RenyiDisentangler

Inheritance Diagram

Inheritance diagram of tenpy.algorithms.disentangler.RenyiDisentangler

Methods

RenyiDisentangler.__init__(parent)

RenyiDisentangler.iter(theta, U)

Given theta and U, find another U which reduces the 2nd Renyi entropy.

class tenpy.algorithms.disentangler.RenyiDisentangler(parent)[source]

Bases: Disentangler

Iterative find U which minimized the second Renyi entropy.

See [hauschild2018].

Reads of the following options as break criteria for the iteration:

key

type

description

disent_eps

float

Break, if the change in the Renyi entropy S(n=2) per iteration is smaller than this value.

disent_max_iter

float

Maximum number of iterations to perform.

Arguments and return values are the same as for disentangle().

iter(theta, U)[source]

Given theta and U, find another U which reduces the 2nd Renyi entropy.

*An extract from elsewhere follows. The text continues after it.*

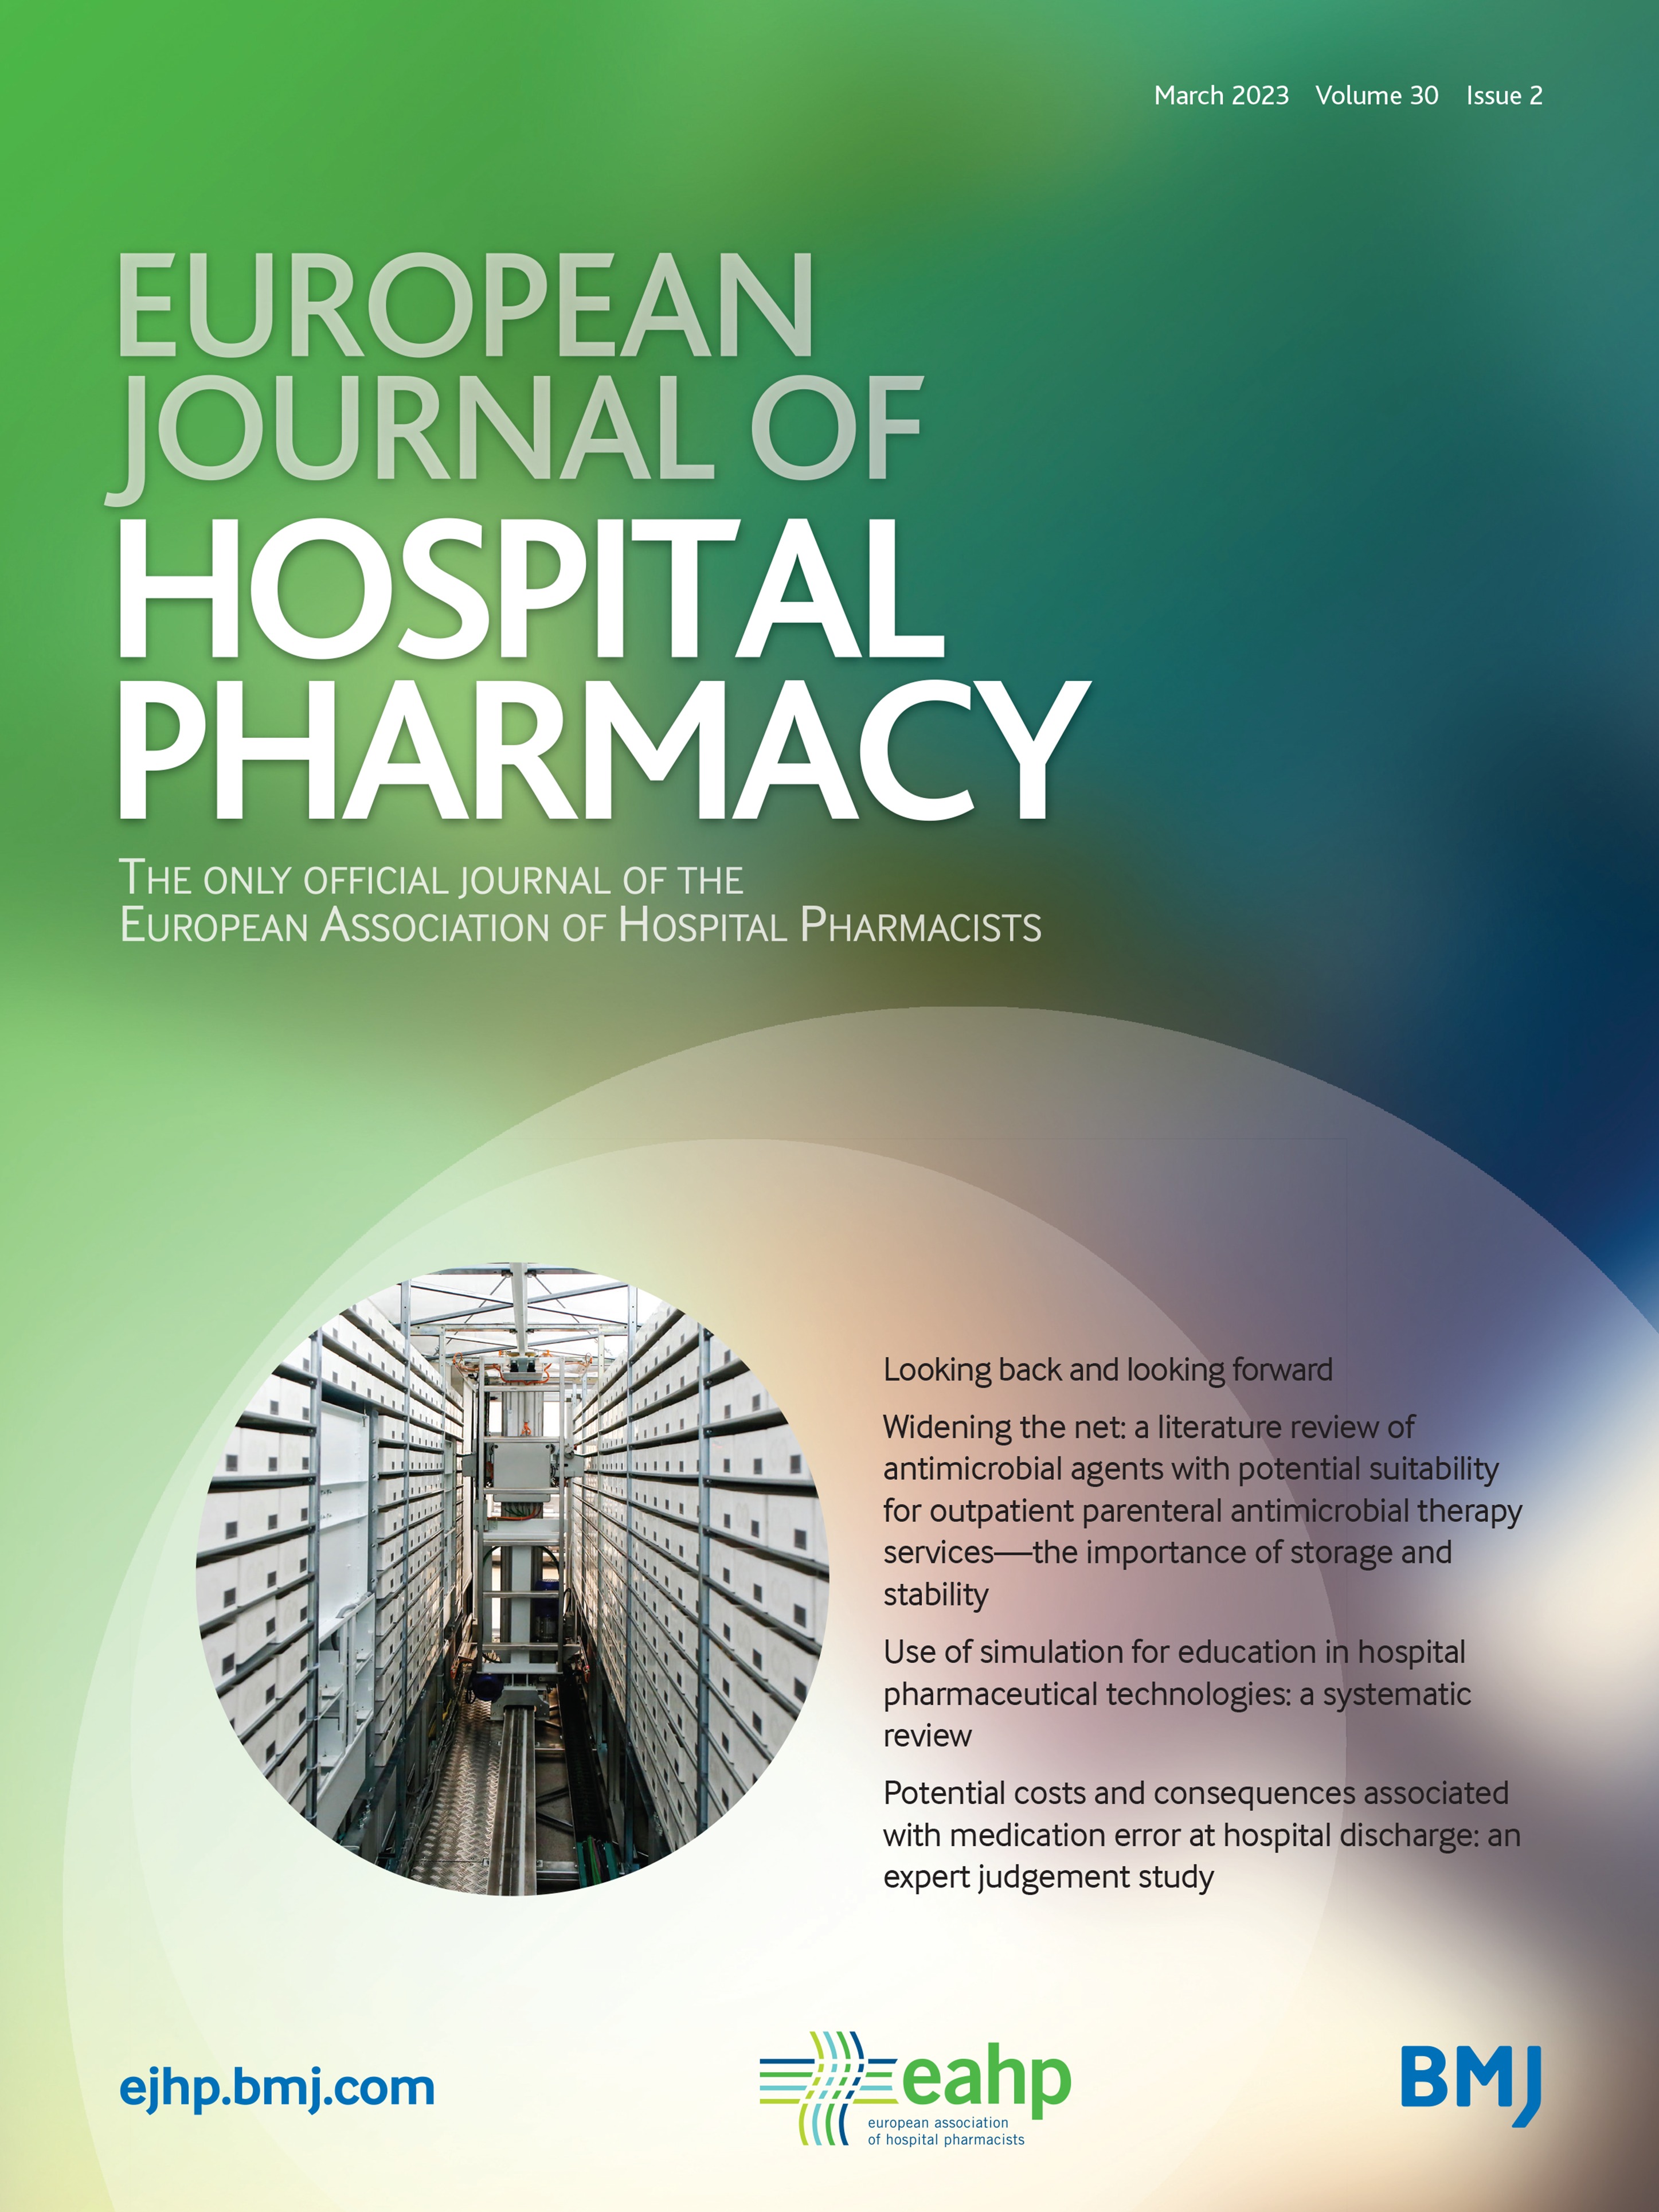 Electronic monitoring of potential adverse drug events related to lopinavir/ritonavir and hydroxychloroquine during the first wave of COVID-19

Temporarily view the different U as independent and minimized one of them - this corresponds to a linearization of the cost function. Defining Utheta as the application of U to theta, and combining the p legs of theta with 'vL', 'vR', this function contracts:

|     .----theta----.
|     |    |   |    |
|     |    q0  q1   |
|     |             |
|     |        q1*  |
|     |        |    |
|     |  .-Utheta*-.
|     |  | |
|     |  .-Utheta--.
|     |        |    |
|     |    q0* |    |
|     |    |   |    |
|     .----Utheta*-.

The trace yields the second Renyi entropy S2. Further, we calculate the unitary U with maximum overlap with this network.

Parameters:
  • theta (Array) – Two-site wave function to be disentangled.

  • U (Array) – The previous guess for U; with legs 'q0', 'q1', 'q0*', 'q1*'.

Returns:

  • S2 (float) – Renyi entropy (n=2), \(S2 = \frac{1}{1-2} \log tr(\rho_L^2)\) of U theta.

  • new_U (Array) – Unitary with legs 'q0', 'q1', 'q0*', 'q1*', which should disentangle theta.